The Ethical Backbone of AI-Powered Business Intelligence: Bias, Fairness, and Transparency
DOI:
https://doi.org/10.32996/jcsts.2025.7.5.85Keywords:
Ethical AI, Business Intelligence, Data Quality, Algorithmic Fairness, Trust BuildingAbstract
The ethical implementation of artificial intelligence in business intelligence systems represents a critical intersection of technological advancement and moral responsibility. As organizations increasingly integrate AI-driven decision-making processes, the imperative for robust ethical frameworks becomes paramount.

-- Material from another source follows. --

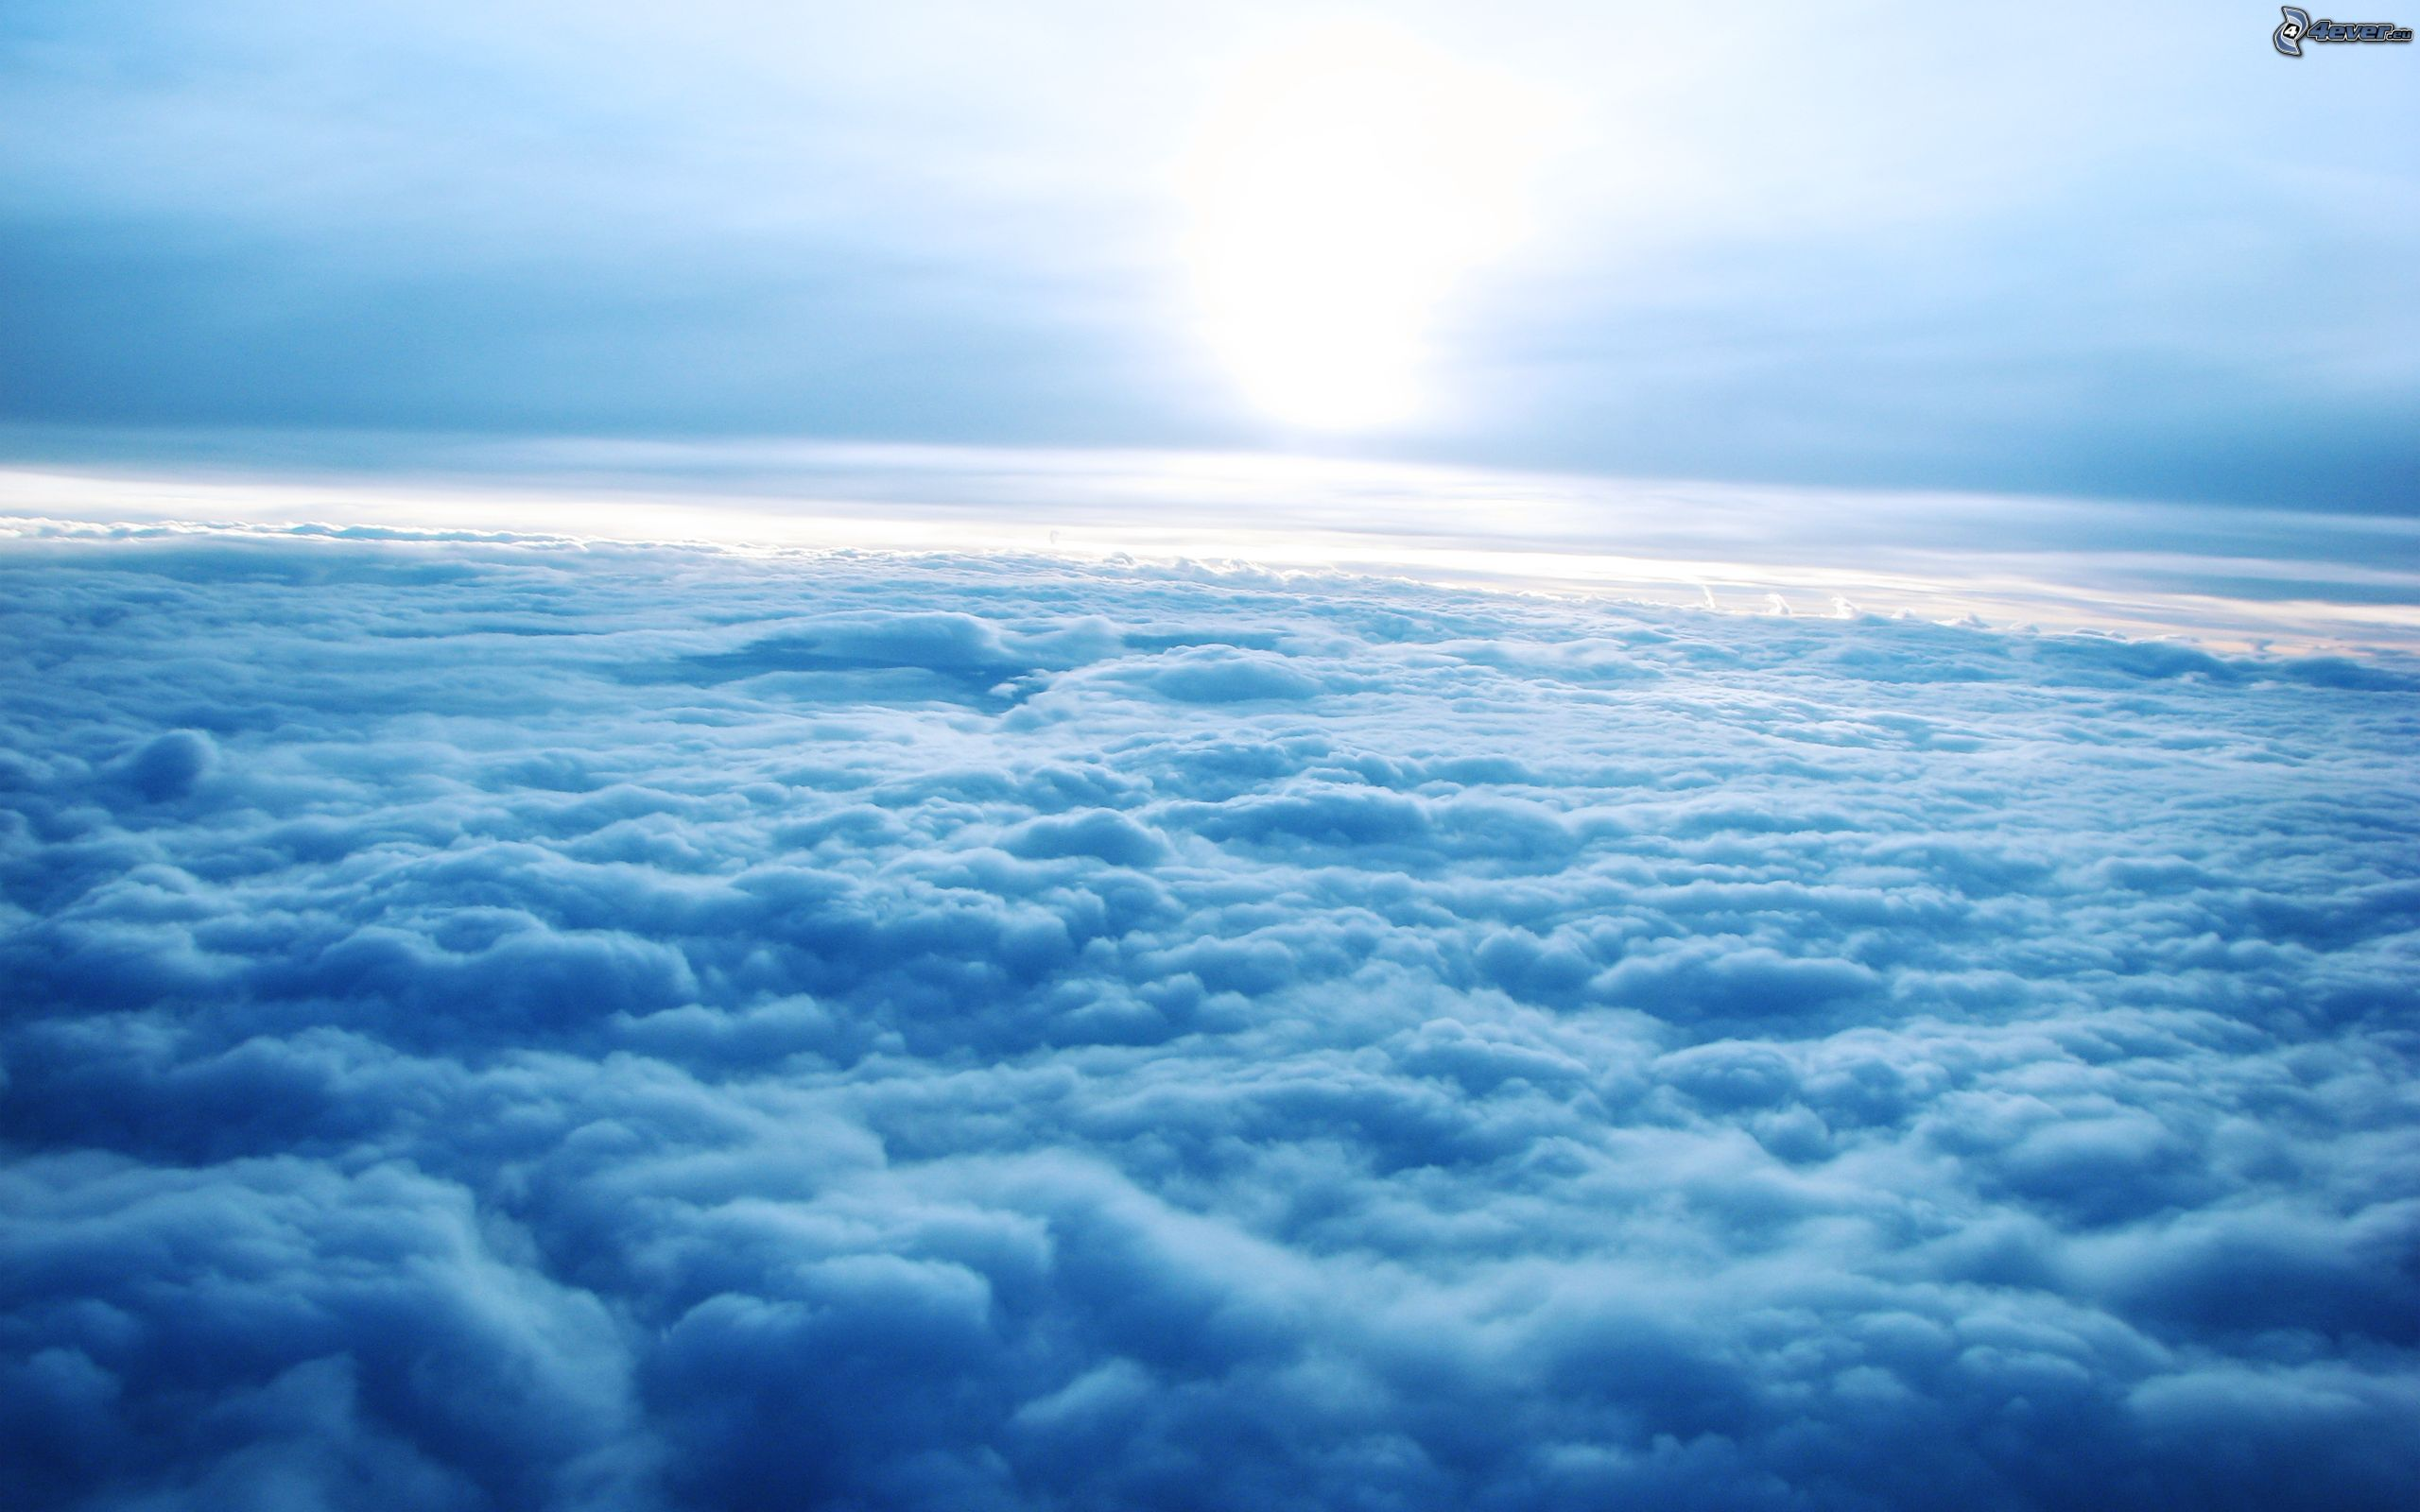 Himmel Wolken Sonne Wallpaper Bild Downloaden

The focus on data quality, fairness mechanisms, and transparency protocols emerges as essential components for building trustworthy AI systems. Organizations face complex challenges in maintaining data integrity while addressing inherent biases that can perpetuate societal inequities. The implementation of comprehensive monitoring systems, coupled with structured governance frameworks, enables businesses to detect and mitigate potential ethical concerns proactively. Through the establishment of clear communication channels and accountability measures, organizations can foster public trust while ensuring compliance with evolving regulatory standards. The integration of explainable AI techniques and documented impact assessments further strengthens the ethical backbone of AI implementations, leading to improved stakeholder engagement and sustainable technological advancement in the business intelligence landscape.